Overview

The quansino package allows you to easily create flexible and modular Monte Carlo simulations in Python. Below is an overview of the main concepts and components of the package.

The MonteCarlo Class

The MonteCarlo class is the core of the quansino package. The role of this class is to manage the simulation process, including:

• Initializing the simulation with a set of parameters.
• Running the simulation for a specified number of iterations or convergence criteria.
• Managing the observers and their potential files.
• Yielding the move that are going to be run.

In quansino, a simulation can be summarized via the following pseudo-code:

iterate over steps:
    iterate over moves:
        perform move
        evaluate criteria
        save or revert state

    call observers

    if "converged":
        stop
    else:
        continue to next step

This skeleton is what is run when you call the run method of the MonteCarlo class. The method call the step method, max_steps times, which in turn calls the yield_moves method to select the moves to be performed. At the end of each step, the observers are called to perform their actions, such as saving the state or logging information.

Convenience methods such as irun or srun are provided to run the simulation with more or less flexibility:

for steps in mc.srun(max_steps=1000):
    pass
    # Any custom code here will be run after each step, before observers are called

for steps in mc.irun(max_steps=1000):
    for move_name in steps:
        pass
        # Any custom code here will be run before each move is performed

        # Any custom code here will be run after each step, before observers are called

Users seeking even more flexibility are free to subclass the MonteCarlo class and override the step and yield_moves methods to implement custom logic.

To perform the simulation, the MonteCarlo class calls multiple objects each aiming to perform a specific task. These objects will be described in the following sections.

Move Classes

Move classes are responsible for defining actions that can be performed during the simulation. Each move when called perform geometric, exchange, or other types of operations on the system. The Move class is defined as a Protocol, allowing users to create their custom classes, and pass them in the Monte Carlo simulation, which take the Move protocol as a Generic Type.

For a more focused approach, the package provide the BaseMove class and their subclasses, such as DisplacementMove, ExchangeMove, and CellMove.

Each of these move classes implements the __call__ method, which is invoked during the simulation to perform the move. In the case of DisplacementMove, it will attempt to displace a particle selected randomly from the system. These behaviors are heavily tunable and can be customized by passing parameters to the move classes.

from quansino.moves import DisplacementMove

move = DisplacementMove(
    labels=[0, 1, 1, 2, 2, 2, -1, -1],
    operation=Ball(0.1),
    apply_constraints=True,  # ASE constraints will be applied when performing the move.
)  # This move will attempt to displace one particle each time it is called.

Warning

The word "particle" is used as a general term to refer to any entity in the simulation that is considered a single unit, such as a single atom, molecules, or other entities. In the above example, the labels represent which atoms are grouped together as a "particle". Atoms with the same label are considered part of the same particle, and the move will move the entire particle as a single unit, allowing molecular displacements.
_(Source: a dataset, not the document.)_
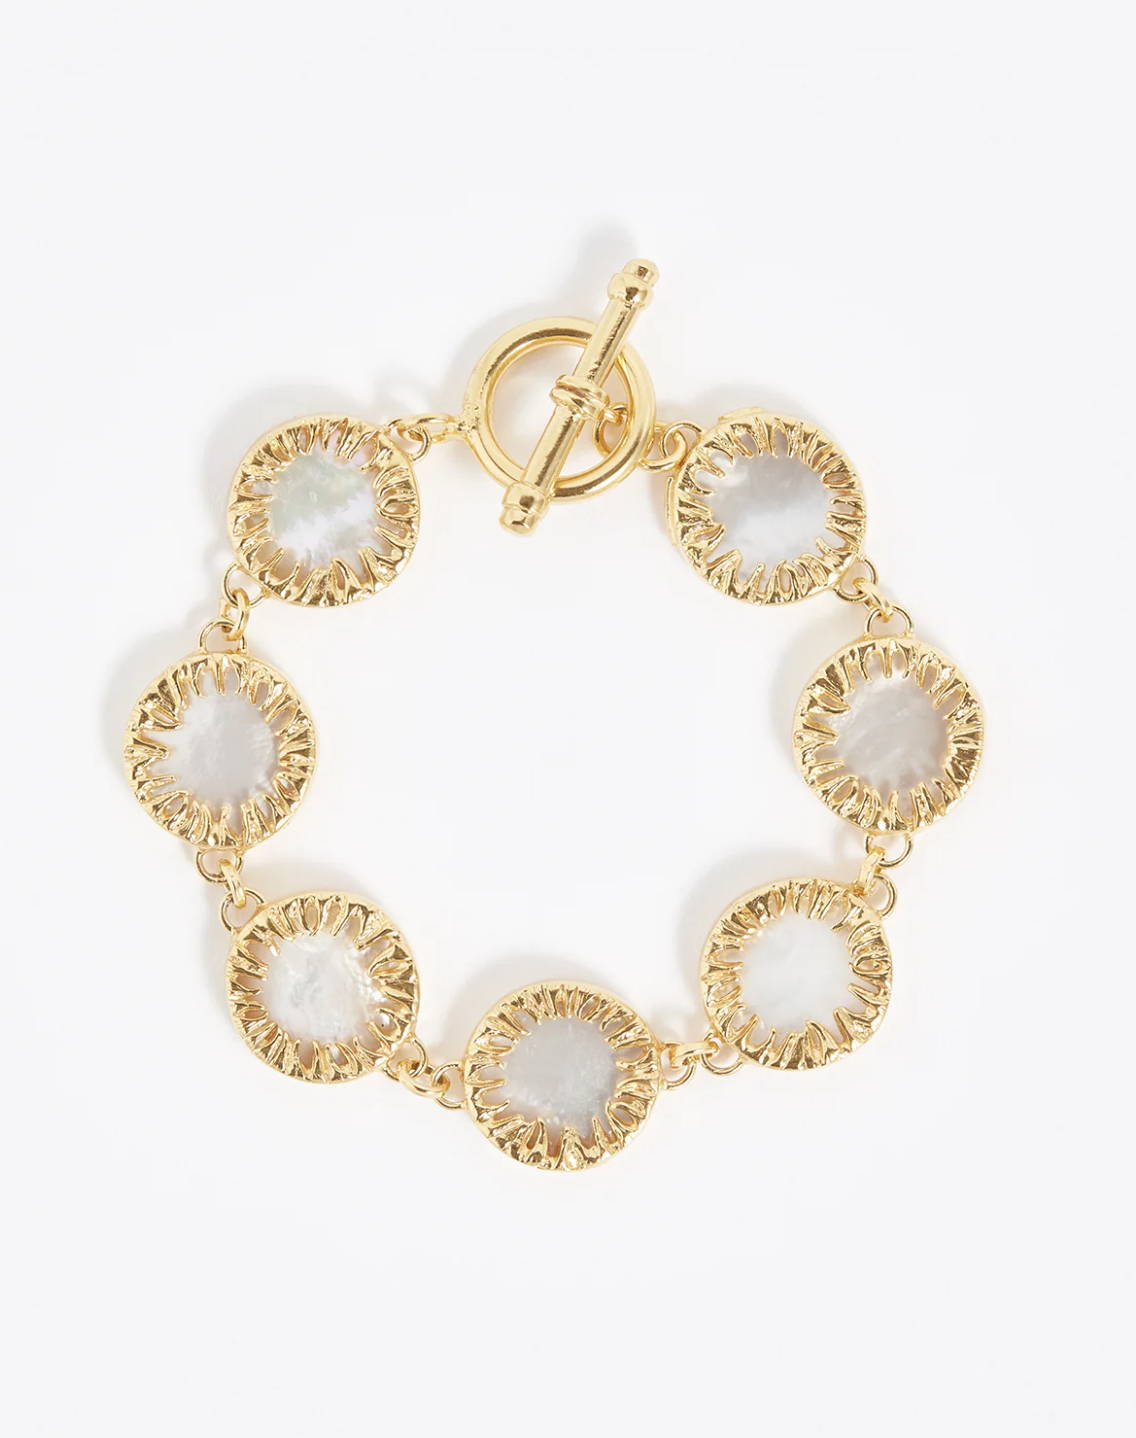 Soru jewellery mother of pearl Apollo gold bracelet 18ct gold plated silver and mother of pearl gemstones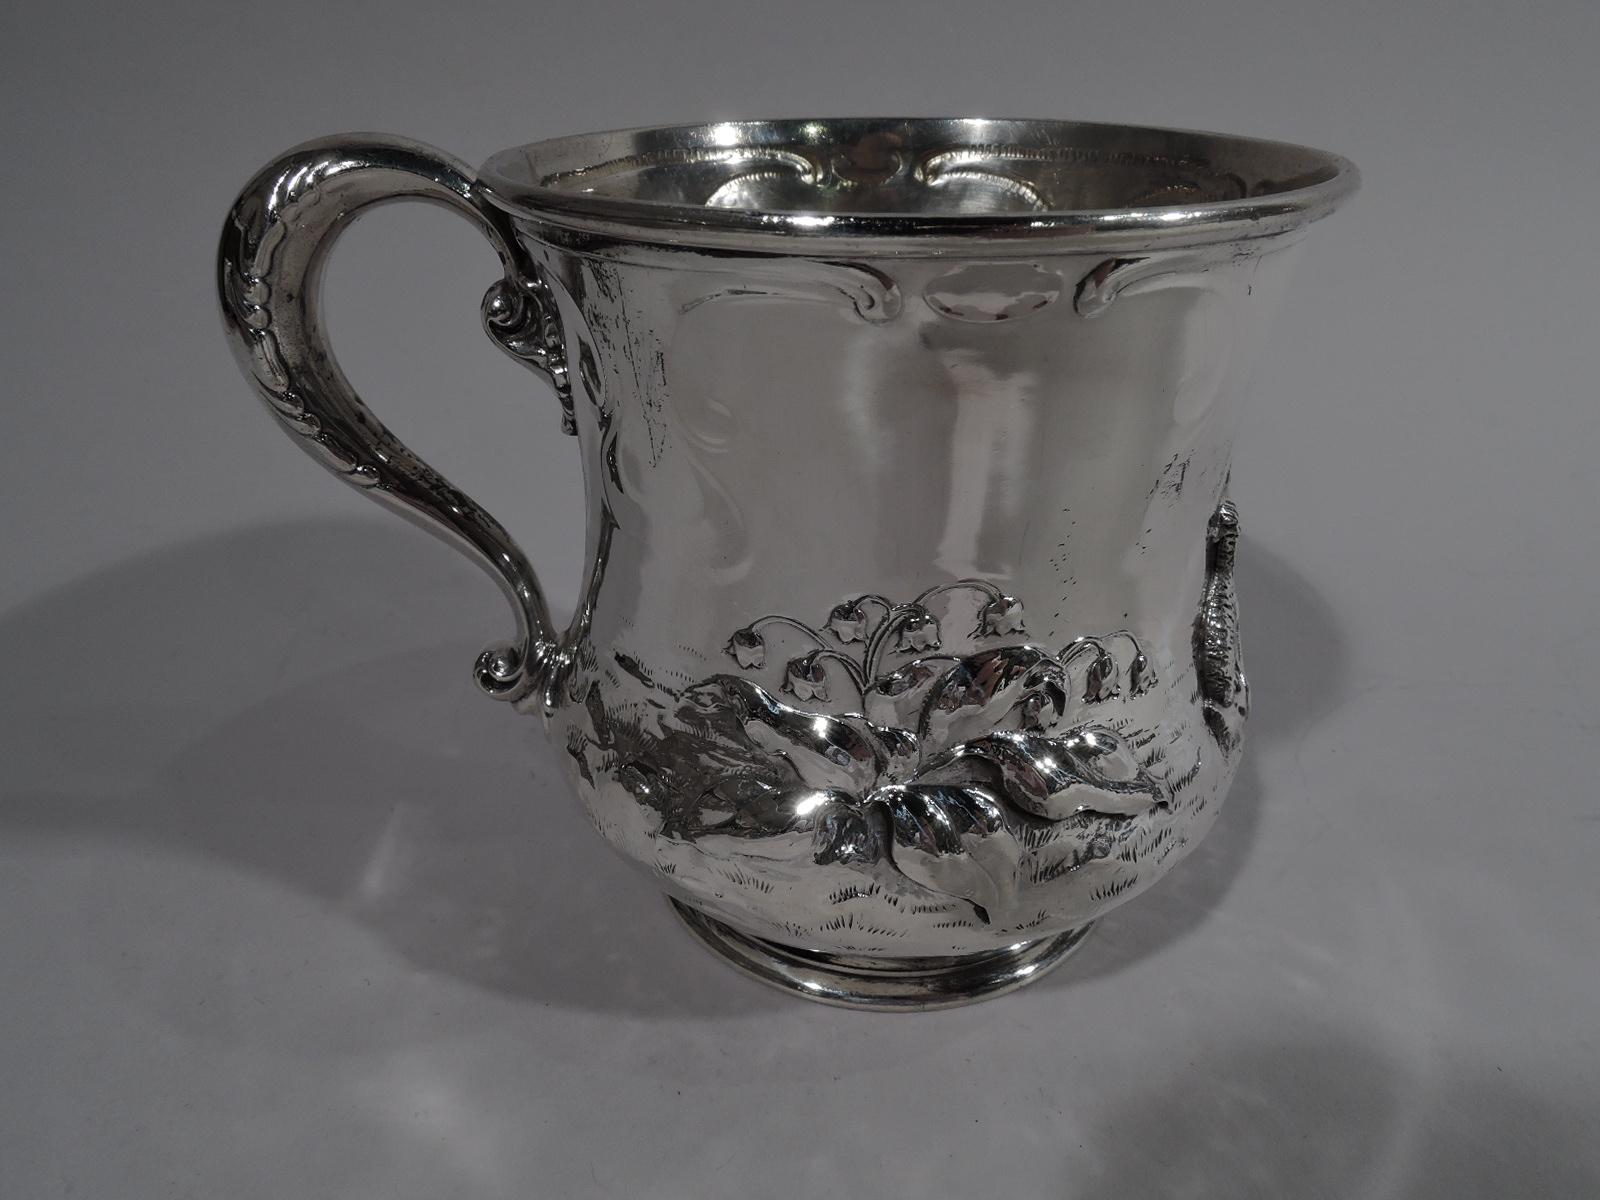 Turn-of-the-century American sterling silver baby cup. Baluster bowl with short inset foot and S-scroll handle. Chased and applied pastoral scene with hussy shepherdess in tightly-laced bodice and flowery hat sitting cross-legged between lamb and

Operations will be detailed in the next section, but it is important to note that it defines the action that will be performed on the particle. In this case, Ball(0.1) will displace the particle by a random distance of maximum 0.1 Å in a ball around the particle's current position.

If users want to move multiple particles at once (per criteria), or perform more complex actions, they can simply add moves together:

from quansino.moves import DisplacementMove, ExchangeMove

# Create a move that will attempt to displace one particle and add/remove another particle
weird_move = DisplacementMove(...) + ExchangeMove(...)

# Multiplication is also supported, allowing to repeat the same move multiple times
multi_displacement_move = (
    DisplacementMove(...) * 10
)  # Will attempt to displace 10 particles per criteria

Operation Classes

Operations based classes define the specific actions that can be performed on the system during the simulation. The Operation class is also defined as a Protocol, allowing users to easily create custom operations. Sensible defaults are provided in the package, such as Ball, Box, Sphere. Most of the time these classes only define a single calculate method, which takes a Context as an argument and returns the displacement/deformation vector to be applied to the particle/box.

from quansino.operations import Ball, Translation

operation = Ball(
    0.1
)  # Displaces particles by a random distance of maximum 0.1 Angstroms in a ball around the particle's current position

displacement_vector = operation.calculate(
    ...
)  # Returns a random displacement vector used in the move.

operation = Translation()  # Translates particles randomly in the unit cell.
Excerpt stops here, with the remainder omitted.